Thursday 16 July 2020

The Day The Penny Dropped

One of the tasks that got thrown to me in the past few years, by virtue of my not being particularly fussy about what kind of tasks I was assigned, was automated DevOps.

I'm not afraid to say I struggled at the task. Shitty Team Foundation Server (TFS) interface aside, I really wasn't getting the entire build/artifact/configuration/working directory relationship. My Team Lead at the time was dismayed at my apparent inability to understand the process, but since nobody else in my team was willing to shoulder the burden, it fell to me. Note that I wasn't particularly enthusiastic about the task. I just wasn't picky.

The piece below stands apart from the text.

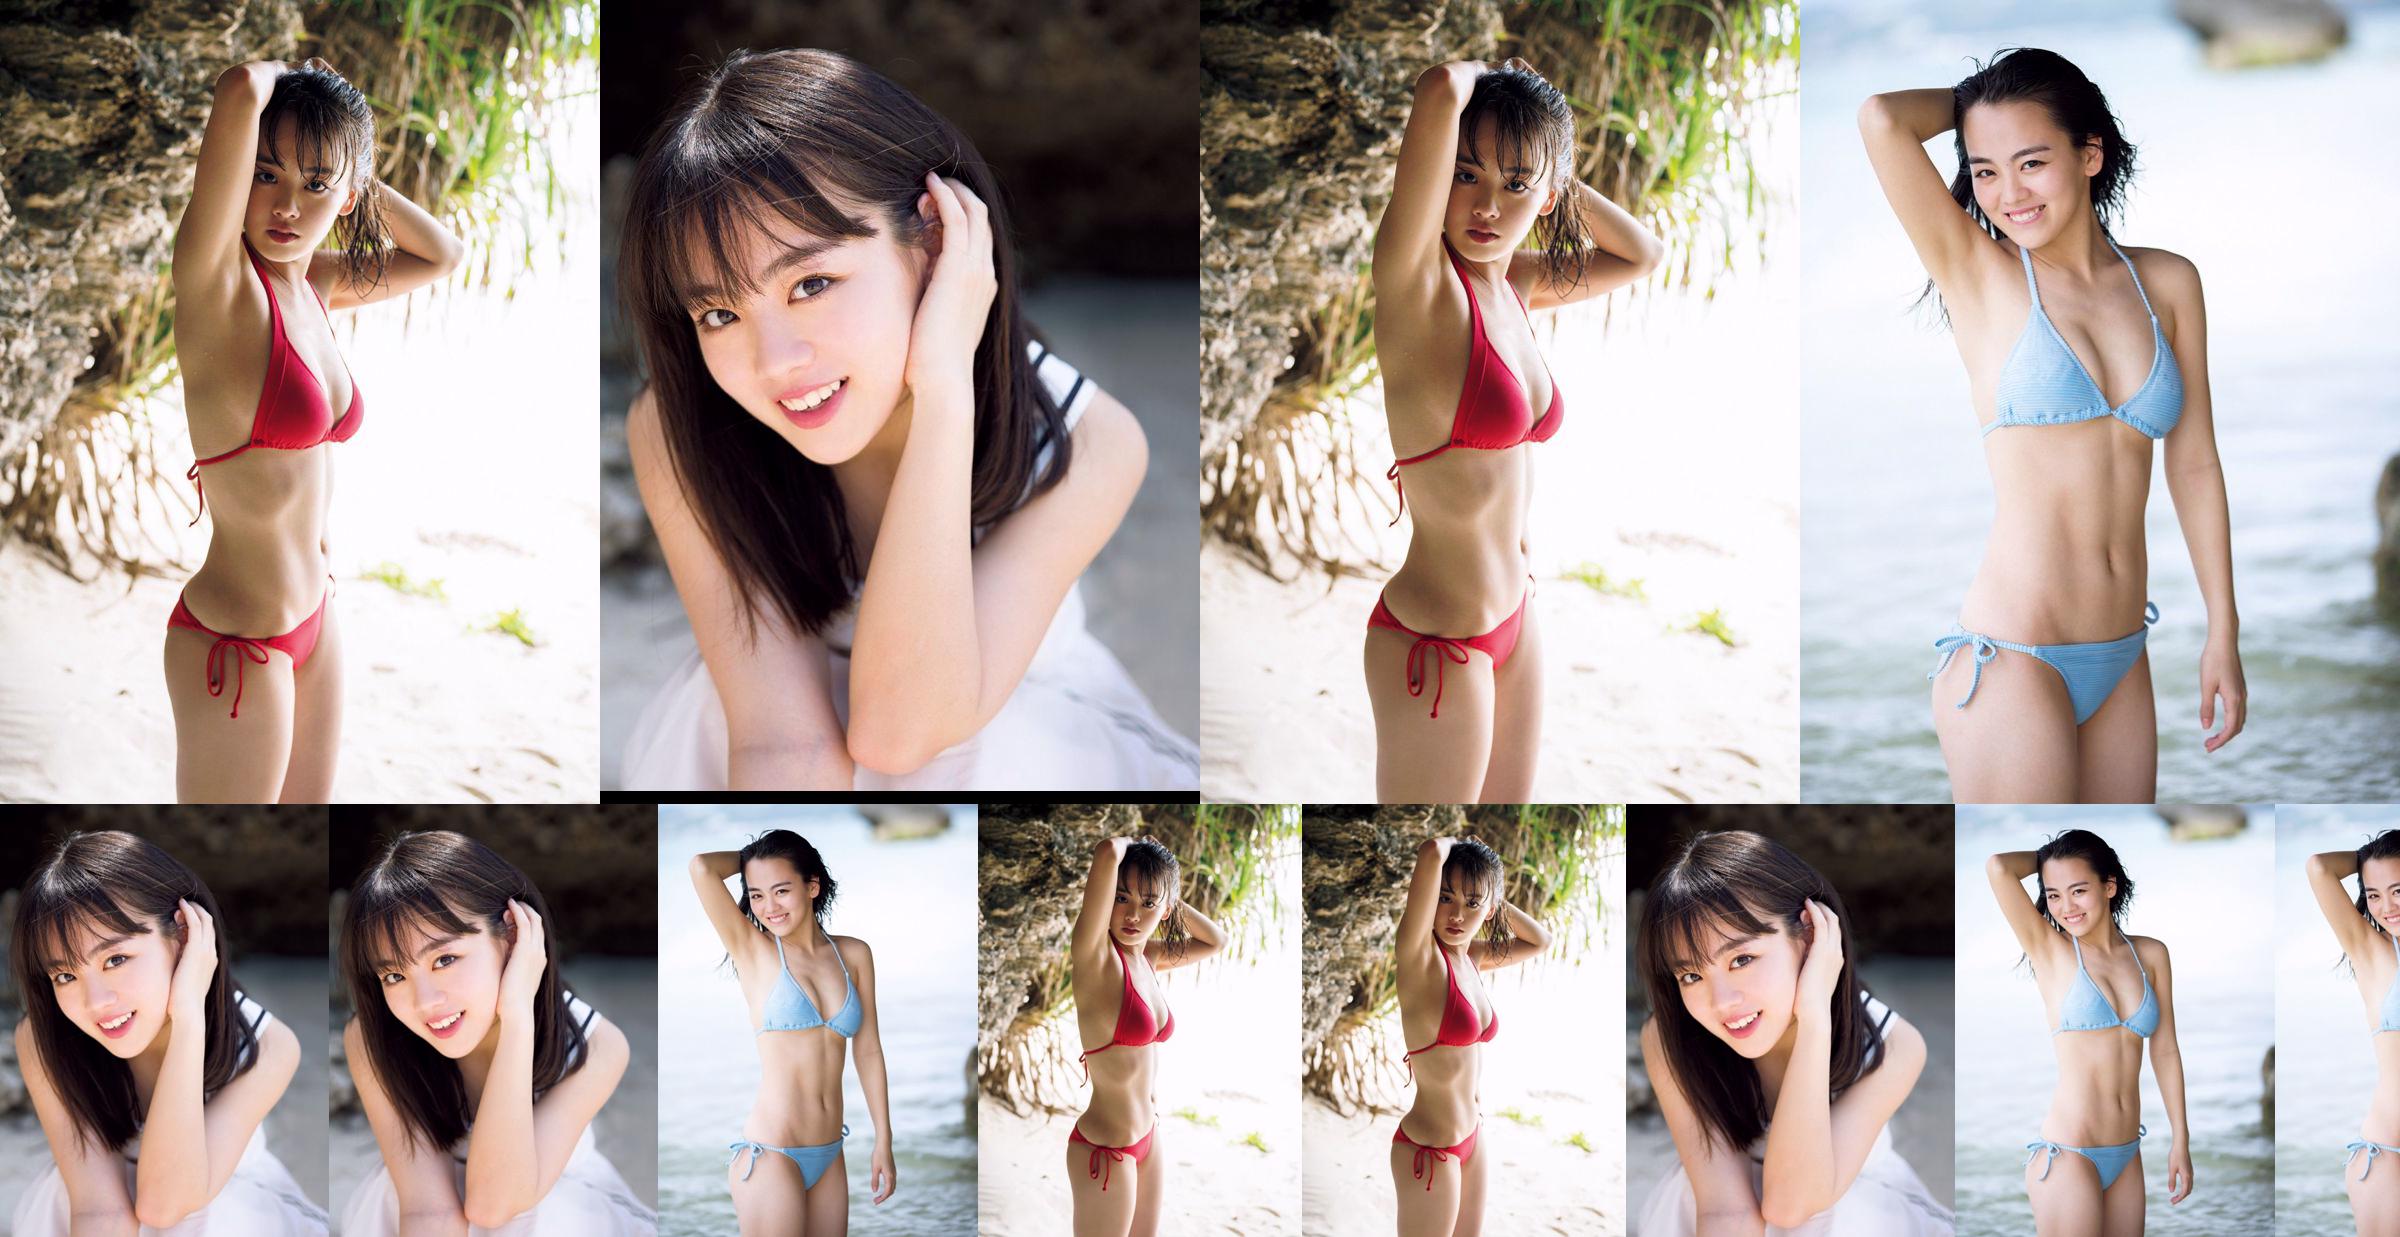 [วันศุกร์] Rikka Ihara << อดีตกัปตันชมรมเต้น Tomioka High School เปิดตัวในชุดบิกินี่ >> รูปภาพ No.843403 หน้า 1

So I kept at it, trying to commit everything to memory. But the thing about learning something is, often, simply memorizing it isn't the key. The key is understanding, and the pieces just weren't falling into place.

The final piece.

My Team Lead kept yammering on about artifacts and builds, but this wasn't helping much.

Until one day, I was thinking about Gary Mitchell's Ten Principles of Adult Learning. In particular, the fourth one - People learn easiest what is familiar to them.

That was when the lightbulb flickered. I was going about it all wrong.

What I was doing, was approaching automated DevOps like it was a completely new thing. What was the end result of deployment? A working ASP.NET MVC site. Hadn't I dealt with ASP.NET MVC back in 2012? I had deployed back then, as well, except it had been the manual way. Now what I was trying to do was automate this process.

That train of thought led me further along the path. What had I done back then? The views and assets had been copied directly to the server. I'd had to build, and then copied the resultant DLL file. What were the steps of the automated DevOps, but configured instructions in TFS to do pretty much the same thing?

From there, my understanding of the process grew at an astronomical rate, and within a week, the inevitable happened - a successful series of tests.

About my Team Lead

Not saying he couldn't have done better. Obviously, he could have. But while he was a better tech than I am, unlike me, he wasn't trained to transfer knowledge. He didn't have an ACTA.

On my part, when I set out on my quest for that ACTA in 2017, I had envisioned using it to better transfer knowledge. I certainly hadn't anticipated using the principles learned in order to teach myself.

Life throws you surprises every now and then. This was a pleasant one.